En este momento escuchamos una gran algarabía de voces que parte del gabinete donde
están los cupletistas y los "zánganos"... Se oyen grandes carcajadas femeniles… Debe de ser
alguno de mis amigos que ha dicho una ingeniosidad… Monreal y yo penetramos en la
estancia, que decoran multitud de retratos de artistas, y somos acogidos con gran júbilo…
Los tres "zánganos" adoptan actitudes conquistadoras... Mi compañero el periodista lanza
miradas lánguidas… Me siento contagiado por el ambiente, y durante un breve rato me
convierto en un cuarto ''zángano"… A la media hora salgo de la casa de mi amigo Monreal
como un beocio que abandonase los jardines de Academos.
14
APOGEO Y DECADENCIA DE LA LECHE DE BURRAS
COMO PROCEDIMIENTO CURATIVO
Un antiguo burrero canta las excelencias de la ubre asnal
—La leche de las burras es casi igual que la de las mujeres.
—¿Está usted seguro?
—Completamente... Y con decir eso comprenderá usted que esa leche tiene que ser
bonísima para la salud...
—¿De modo que entre una mujer y una burra...?
—Apenas si hay diferencia... en la leche.
—¡Qué falta de galantería!
Sostengo esta conversación con el señor Ventura, uno de los dos burreros que quedan en
Madrid.
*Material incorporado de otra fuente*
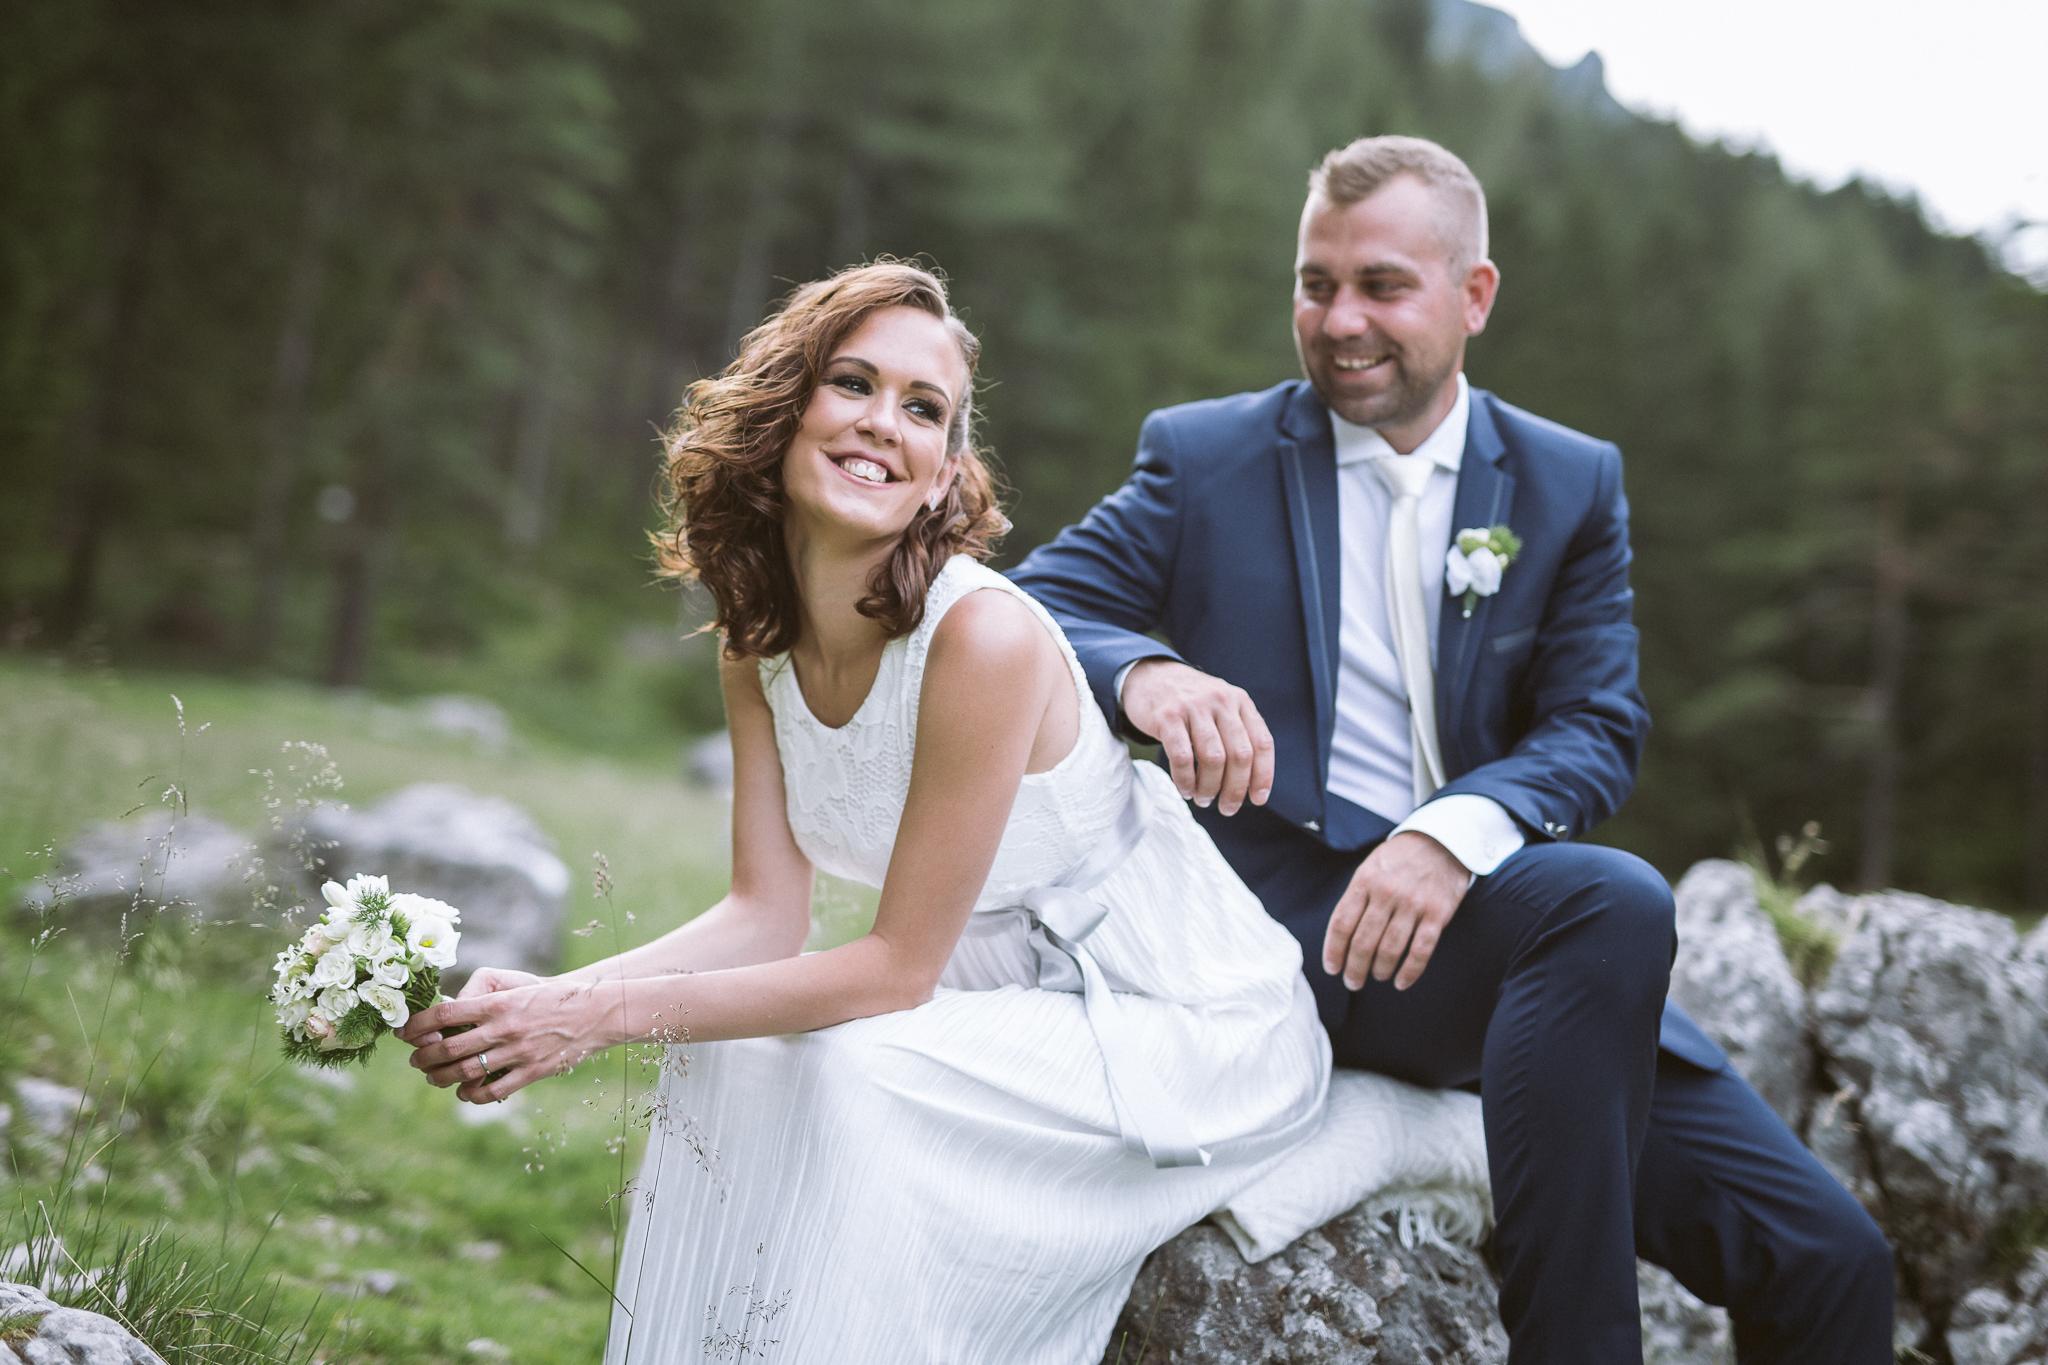 FylepPhoto, esküvőfotózás, magyarország, esküvői fotós, vasmegye, prémium, jegyesfotózás, Fülöp Péter, körmend, kreatív, grüner see_26.jpg

En la actualidad, la decadencia de la afición a la leche de burras ha llegado
al último extremo, y el jugo de la ubre asnal tiene escasísimos partidarios... Pero todavía hay
algunos, y durante el invierno, tanto el señor Ventura como el señor Juan, el de las Peñuelas,
su compañero y competidor único, recorren Madrid de un lado a otro con las burras, a las
cuales ordeñan—siempre expuestos a alguna coz—en las propias porterías de las casas
adonde se lleva el líquido.
El señor Ventura, además de burrero, es tabernero, pues, según me dice, tan sólo con la
leche no podría vivir; necesita el vino... El señor Ventura posee una taberna al final de la
calle de Villanueva, y allí he ido para charlar un rato sobre tan interesante asunto.
15
El tabernero me recibe en familia… Su mujer hace calceta, y de vez en vez mete baza en
la conversación... Una hija de ambos, guapetona y frescachona, escucha muy atenta, y sus
grandes ojazos muestran una evidente curiosidad… A la taberna ha acudido también el
señor Juan, el de las Peñuelas, muy interesado sobre mi propósito...
El señor Ventura es hombre de cincuenta y tantos años, de aspecto vigoroso, cara
ampulosa y cuadrada, nariz ligeramente hundida y marcado acento astur... El señor Juan es
mucho más viejo, chiquito de cuerpo, rostro ralo, que surcan numerosas arrugas, y palabra
breve y sentenciosa. Según asegura el tabernero, no hay temor a que nos interrumpan los
parroquianos de la casa, pues a esa hora—las diez de la noche—acostumbra tener cerrada
la tienda, y si hoy pertenece abierta es por deferencia hacia mí.
—Hará treinta años—dice el señor Ventura lanzando un gran suspiro—, había en Madrid
grandes cuadras de burras, y esto era un gran negocio... ¡Cincuenta burreros llegó a haber, y
todos ganaban de firme. ¡Era una gloria trabajar entonces!
—Sí, señor; una gloria—afirma también el Sr. Juan lanzando otro suspiro muy hondo.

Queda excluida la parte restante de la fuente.